The complex roots of the equation $x^n = 1$ lie on the unit circle.

Suppose $n$ goes large. Is it correct to say that all the roots of $x^n=1$ form a circle of radius one?

Answer 1

Well, strictly speaking, the set of points $x$ in the complex plane satisfying $x^n-1=0$ for some $n$ is exactly the set of points $e^{i\pi r}$ for rational $r$ - that is, any point on the unit circle whose argument is a rational number times $\pi$. This set is dense in the unit circle, but it's not the whole unit circle by a long shot.

However, we can characterize the unit circle as the points $x$ such that $$\liminf_{n\rightarrow\infty}|x^n-1| = 0$$ since the argument of $x^n$, as $n$ increases, will be dense mod $2\pi$ if it is not a rational multiple of $2\pi$, and it's trivial to show that if $|x|<1$, then the above limit is $1$, and if $|x|>1$, the above limit is $\infty$, sufficing to show that the above describes exactly the unit circle.

Answer 2

No luck there.

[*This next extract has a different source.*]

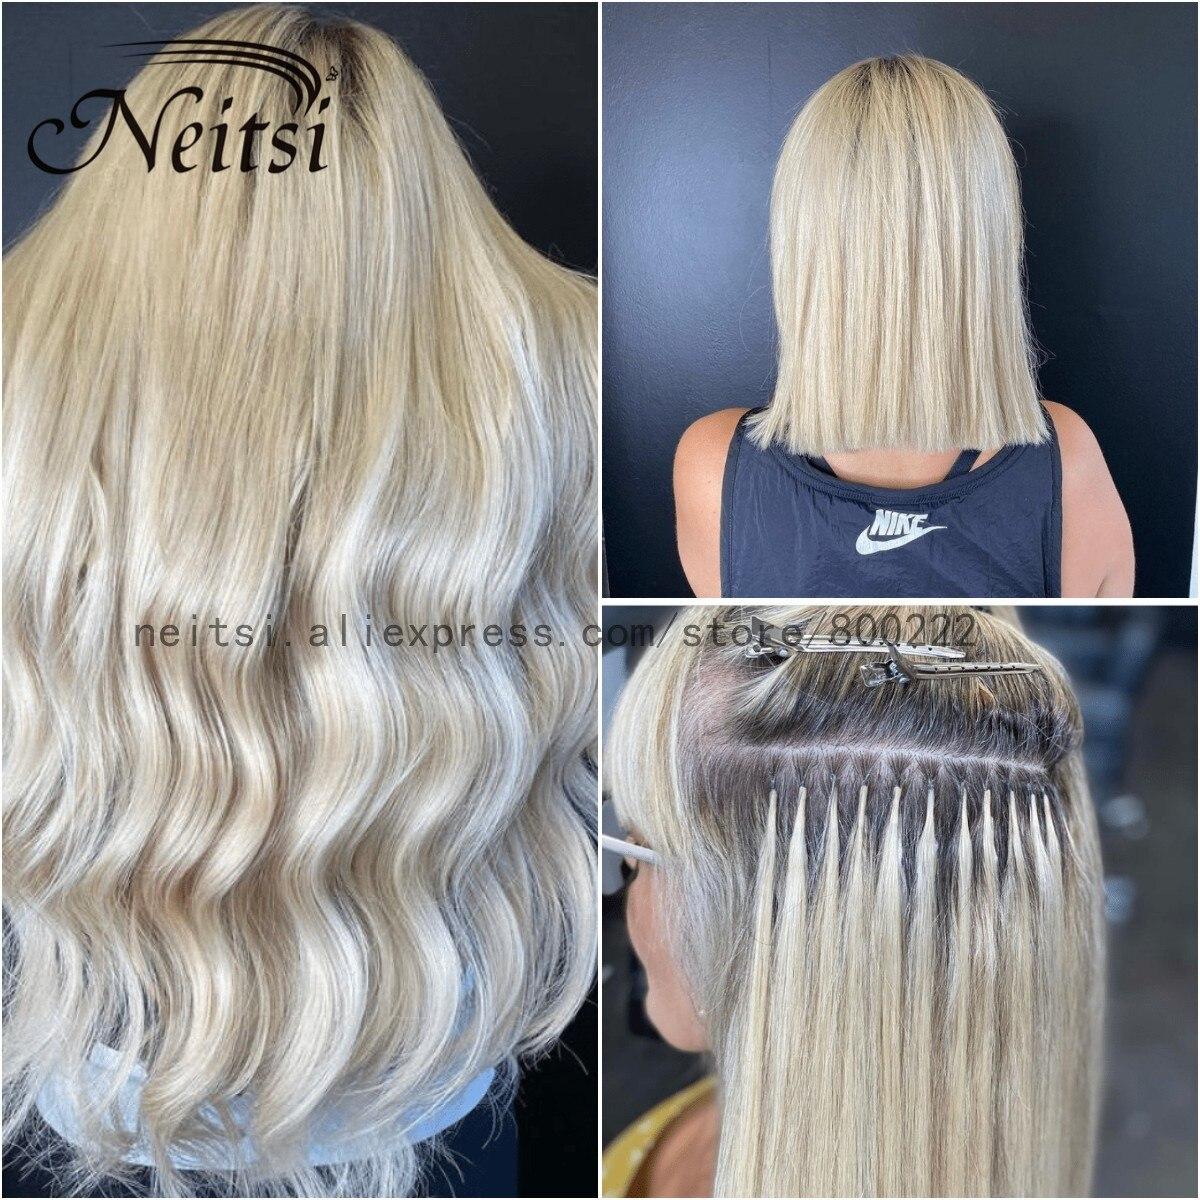 Прямые кератиновые капсулы Neitsi, накладные волосы с u-образным наконечником для наращивания, 16, 20, 24 дюйма, 1 г/локон, 50 г
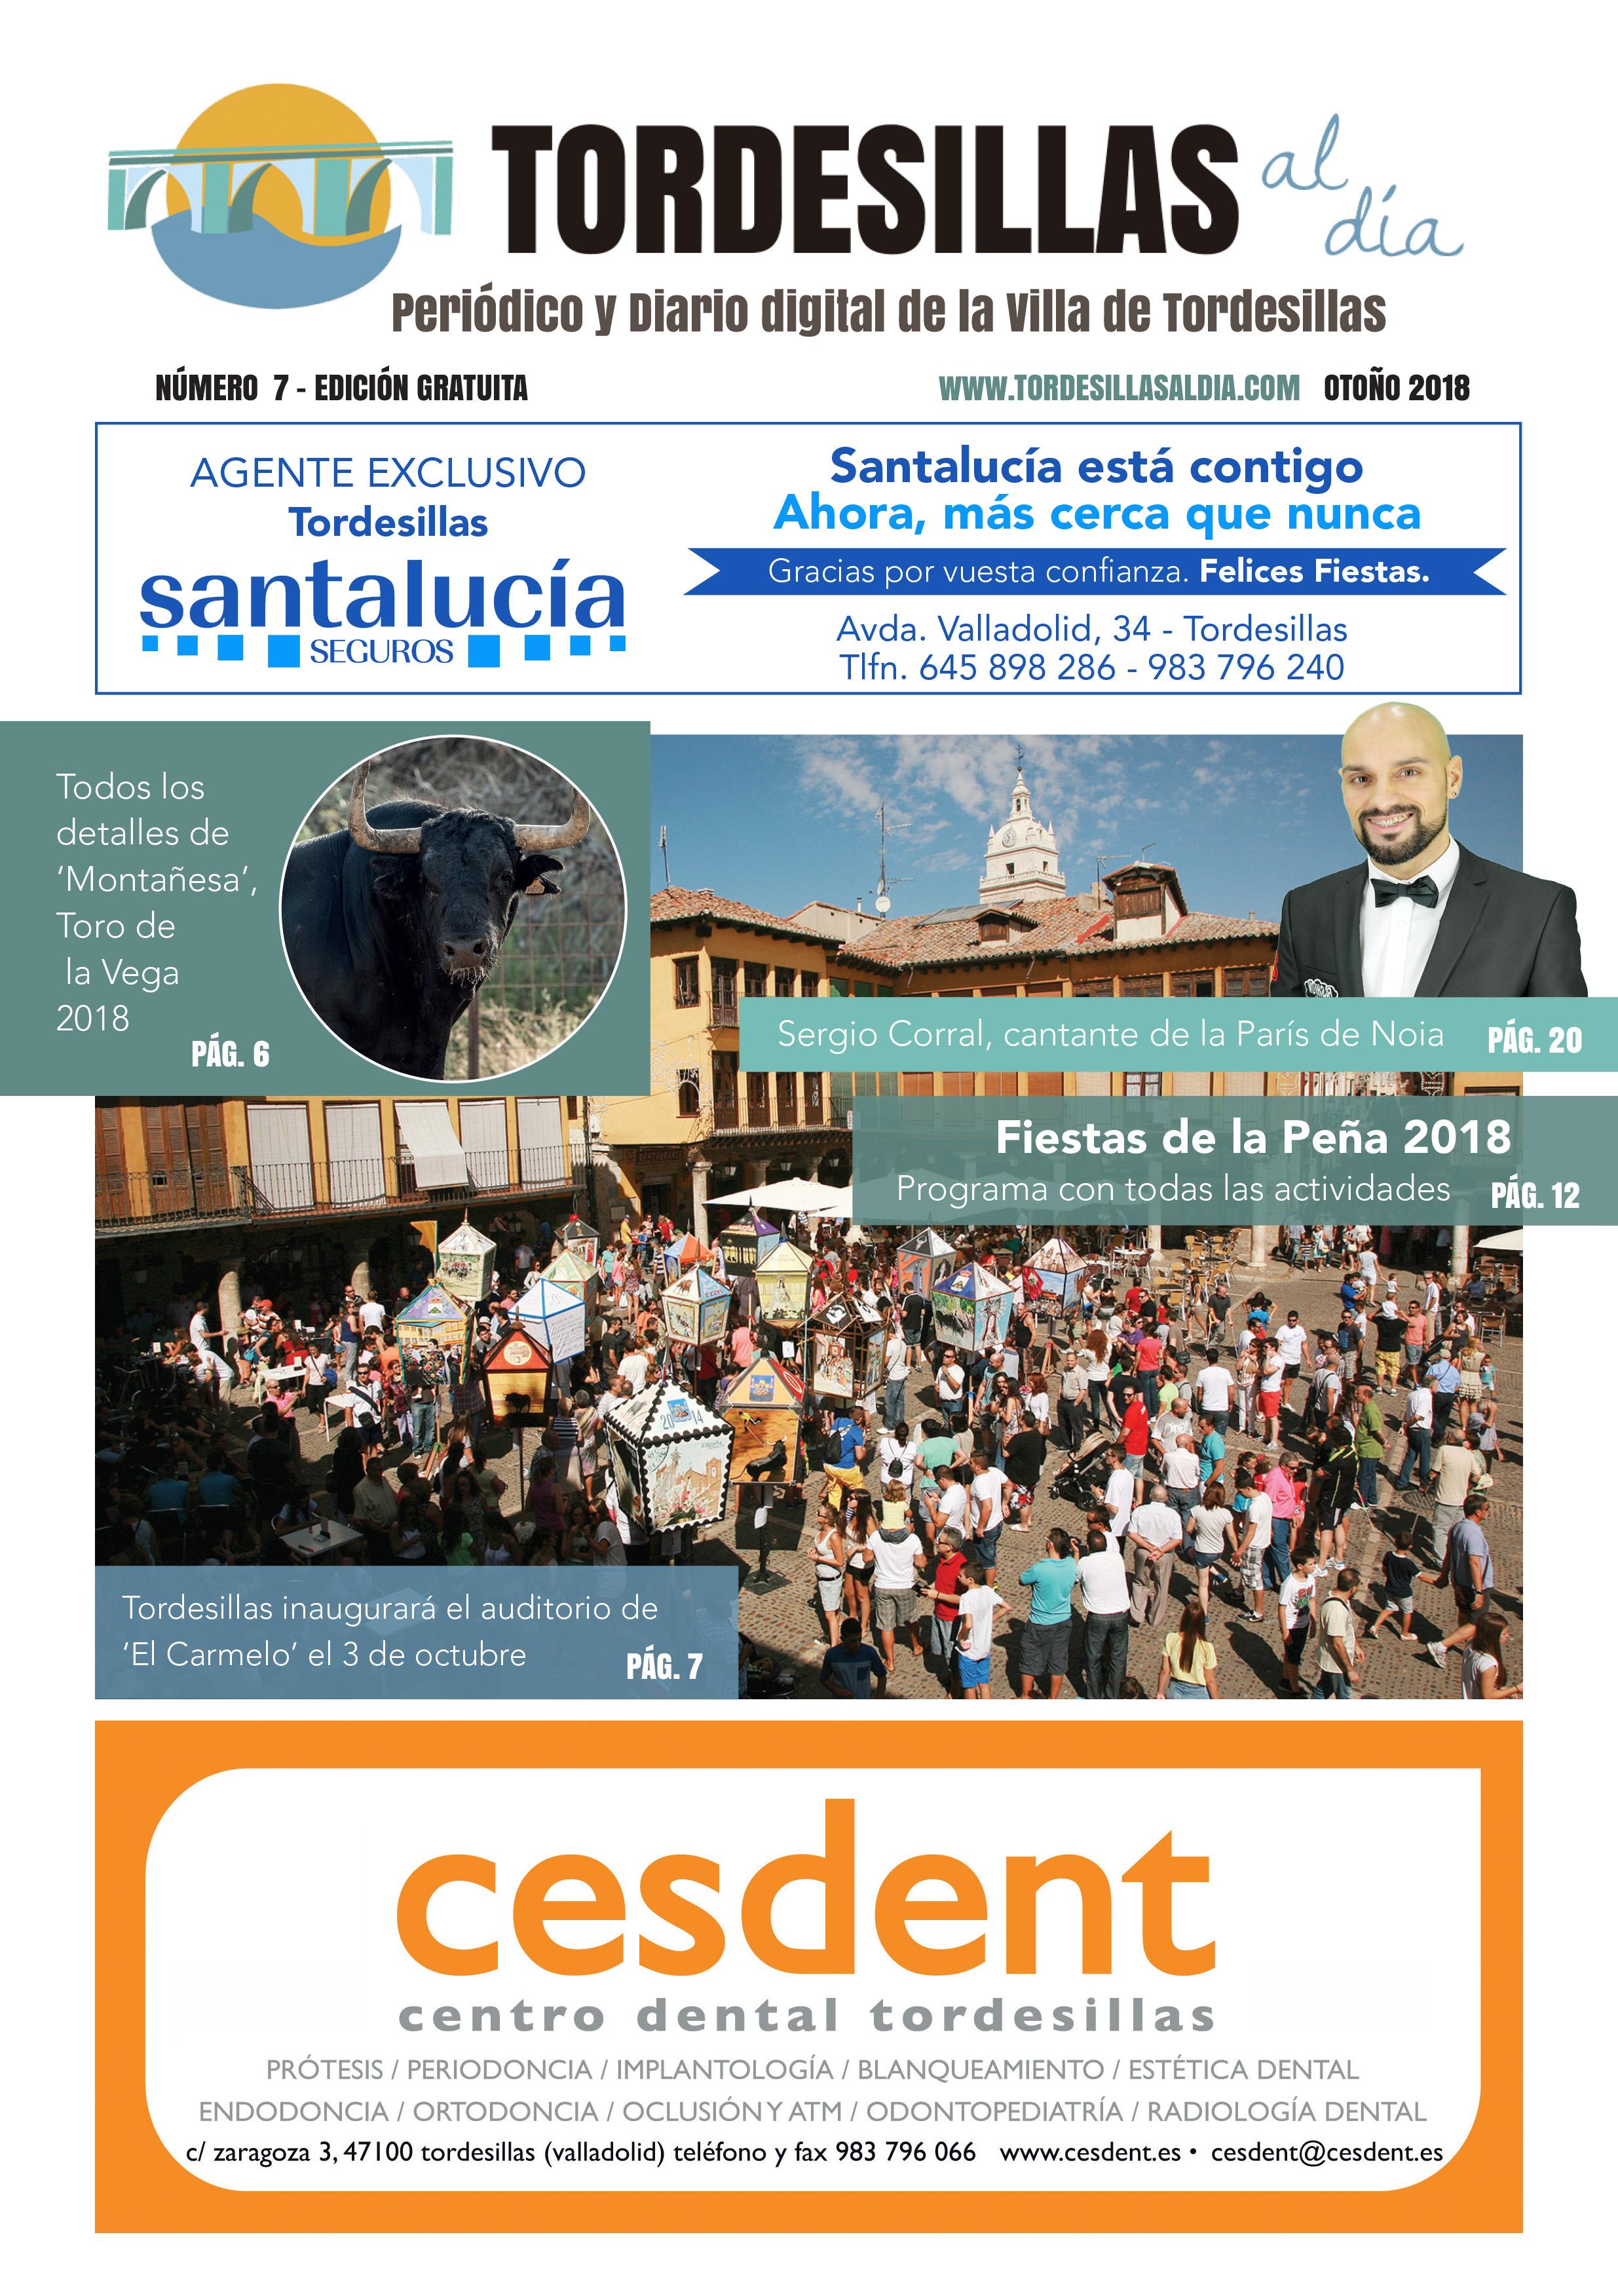 Portada de la séptima edición de la revista Tordesillas al día

Note that for every $n$, $x^n-1$ has $n$ roots, so it only generates $n$ points on the unit circle.

Even if we take the union over all integer $n$ of the roots of $x^n-1$, we only have a countable number of points while there are an uncountable number of points on the unit circle.

Answer 3

Assuming $n\in\mathbb{N}$, the answer is no.

The length of every root of $x^n=1$ is $1$.

The larger $n$ gets, the more roots you have.

So your question makes quite good sense in that aspect.

But the roots of $x^n=1$ are $(k\cos\frac{2\pi}{n},k\sin\frac{2\pi}{n})$ for $k\in[0,n-1]$.

In other words, only complex numbers whose angle with the axises is an integer multiple of $\frac{2\pi}{n}$.

Since there are infinitely many points on the unit circle whose angle with the axises is not an integer multiple of $\frac{2\pi}{n}$, these roots will never "cover it completely" (no matter how large $n$ gets).